Sunday, 11 September 2011

Skinny Choc Mint Icecream..



3 egg yolks
1⁄2 cup castor sugar
200ml extra light cream 
350ml skim milk 
pinch salt 
Peppermint Essense to taste and green food colouring to colour
100g chocolate bits (I used Mini Specked Easter Eggs)

Beat the egg yolk and sugar together until fluffy. Stir 
in the remaining ingredients. Pour into the freezer canister and allow to churn and freeze. 

Note: Any variation of chocolate bar finely 
chopped can be used i.e. Cherry Ripe, Mars 
Bar, Violet Crumble or Peppermint Crisp. 

If you don't have an icecream maker.... 

Take your ice cream recipe mixture and carefully pour it into the bowl, then chill in the fridge for up to 2 hours. 

Take the bowl out of the fridge and transfer to the freezer for about half an hour.

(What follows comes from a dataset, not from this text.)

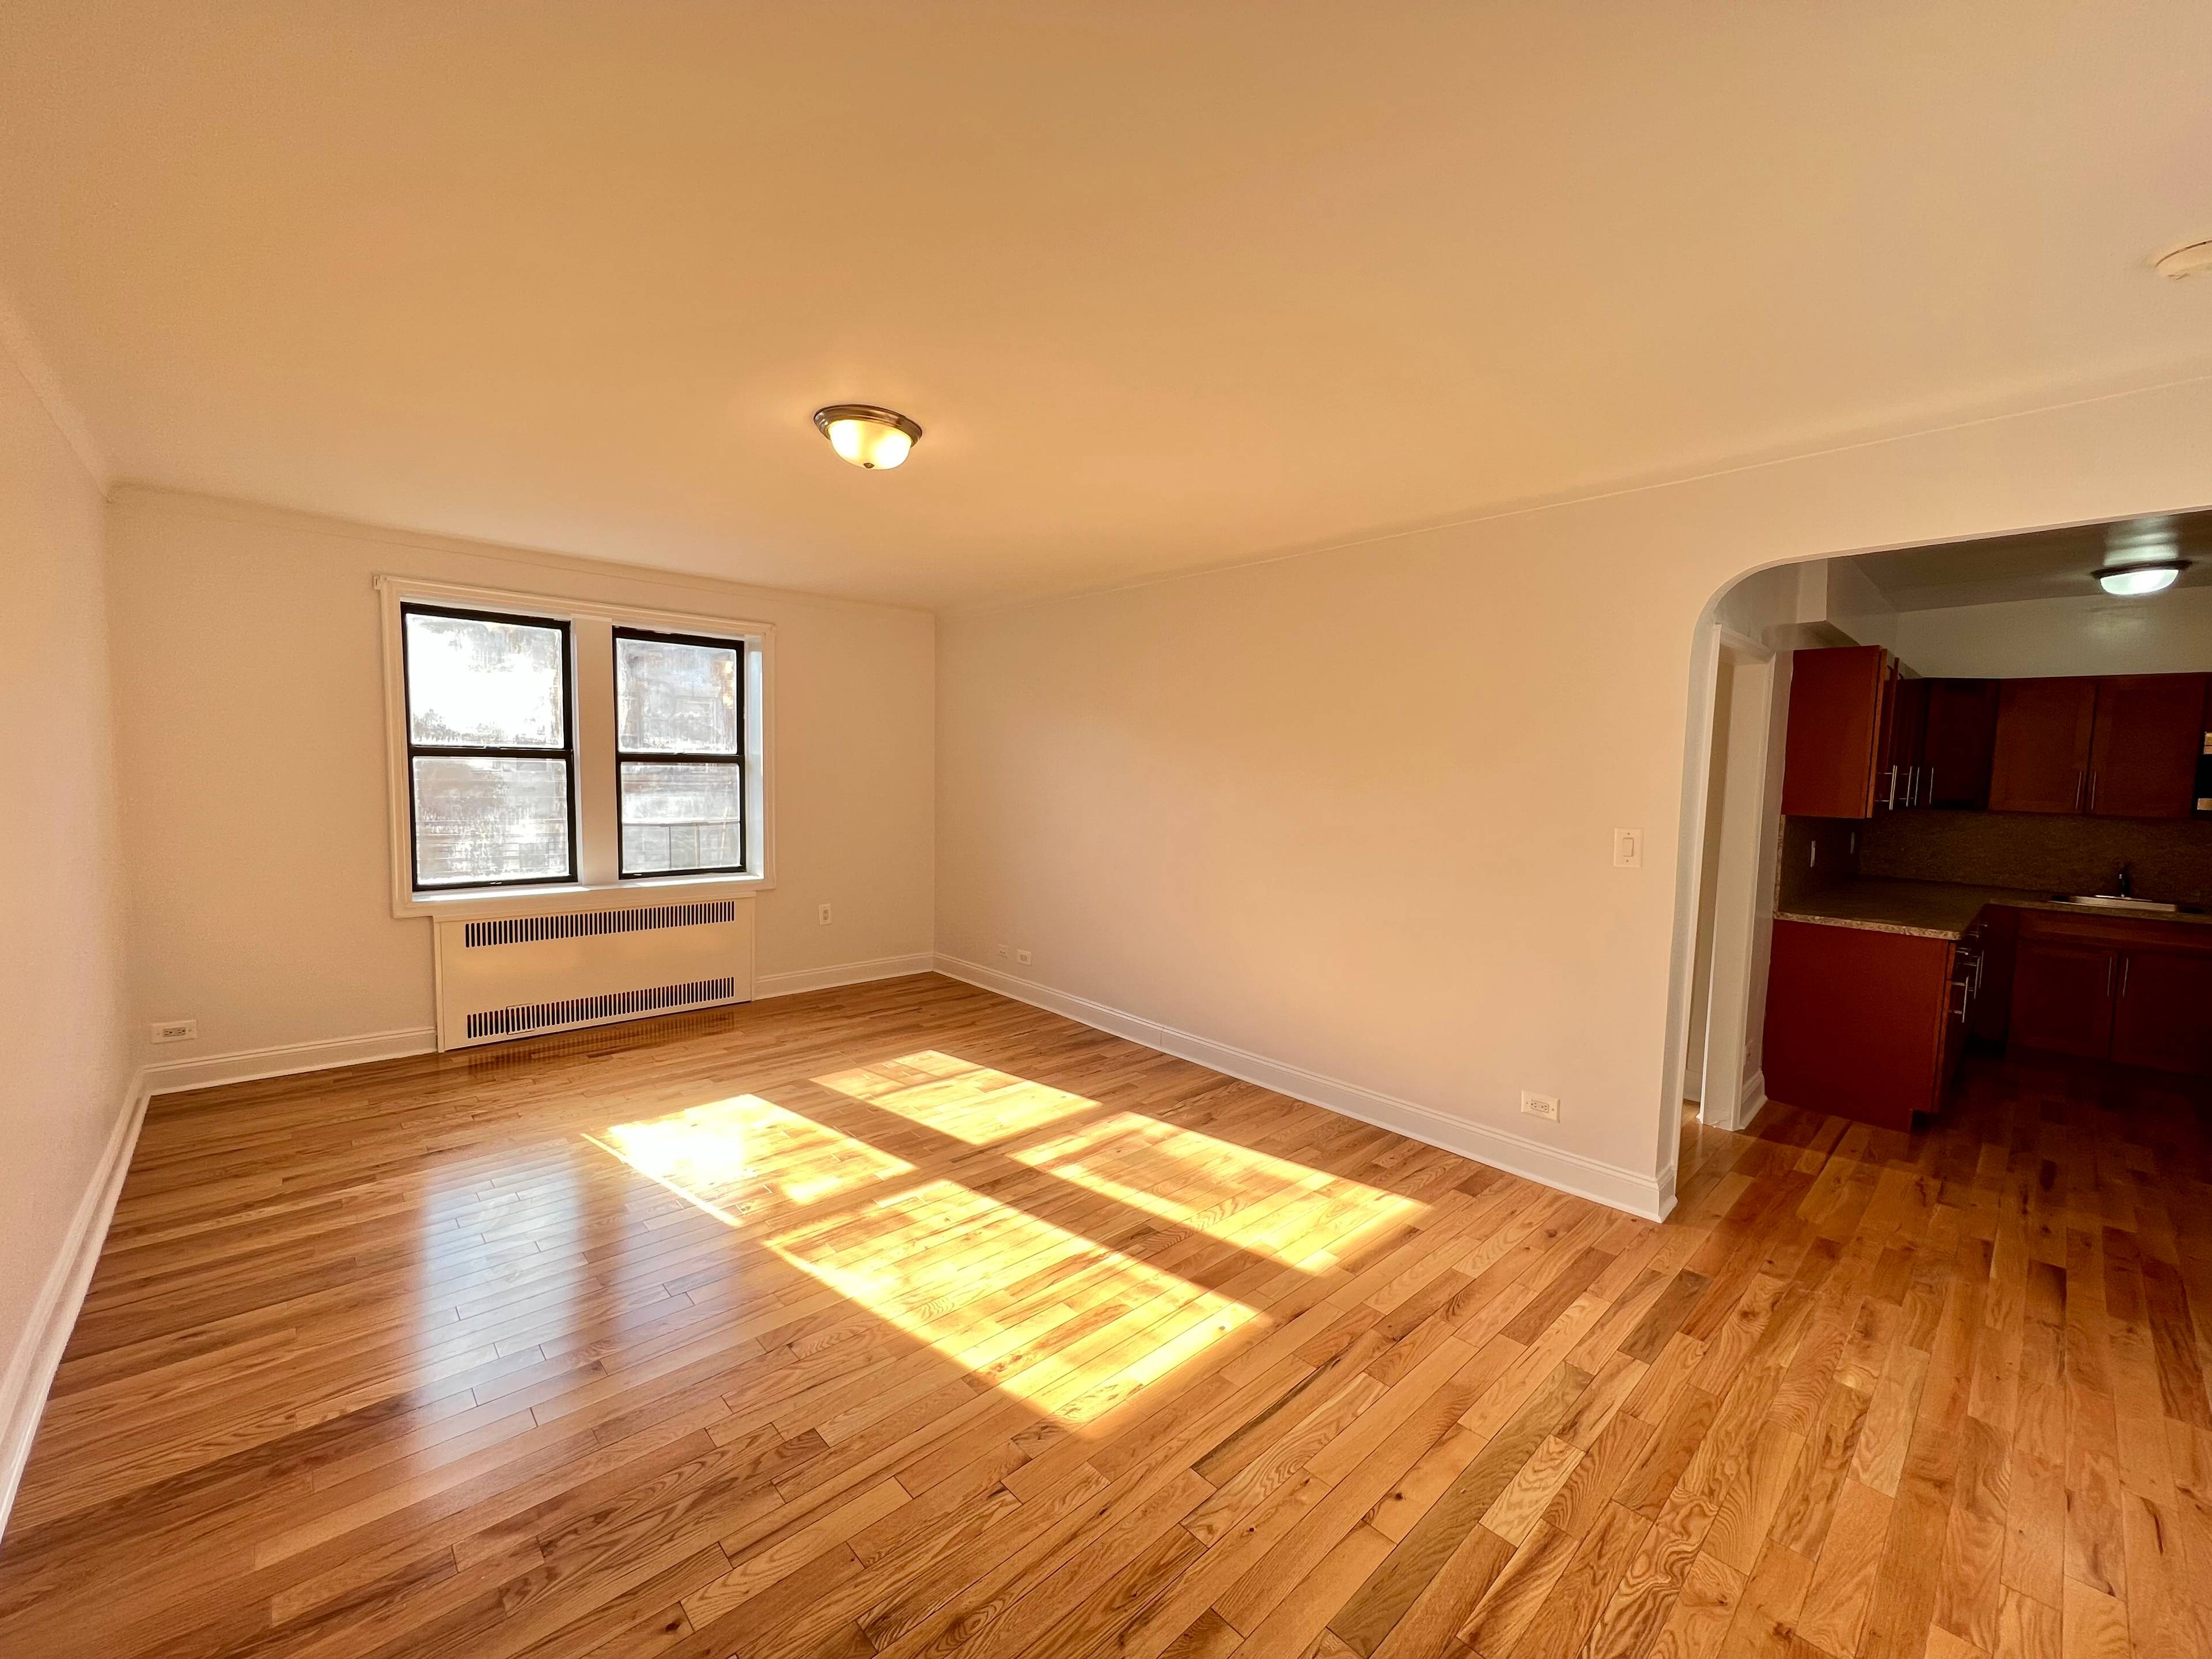 Elmhurst, Queens: Sun Blasted Studio Apartment for Rent in Elevator Building

Then check just how much the mixture has frozen - ideally, it should have started to freeze at the edges but not fully through to the centre. 

Take the bowl out of the freezer and beat the ice cream mixture until it’s creamy once again (to dislodge and break up the ice crystals that have formed). 

Put it back in the freezer for another half hour, then remove and once again beat with a whisk. 

Do this again so that you have beaten the mixture a total of 3 times whilst freezing in between. Put the mixture back into the freezer for a final time until it’s ready to eat.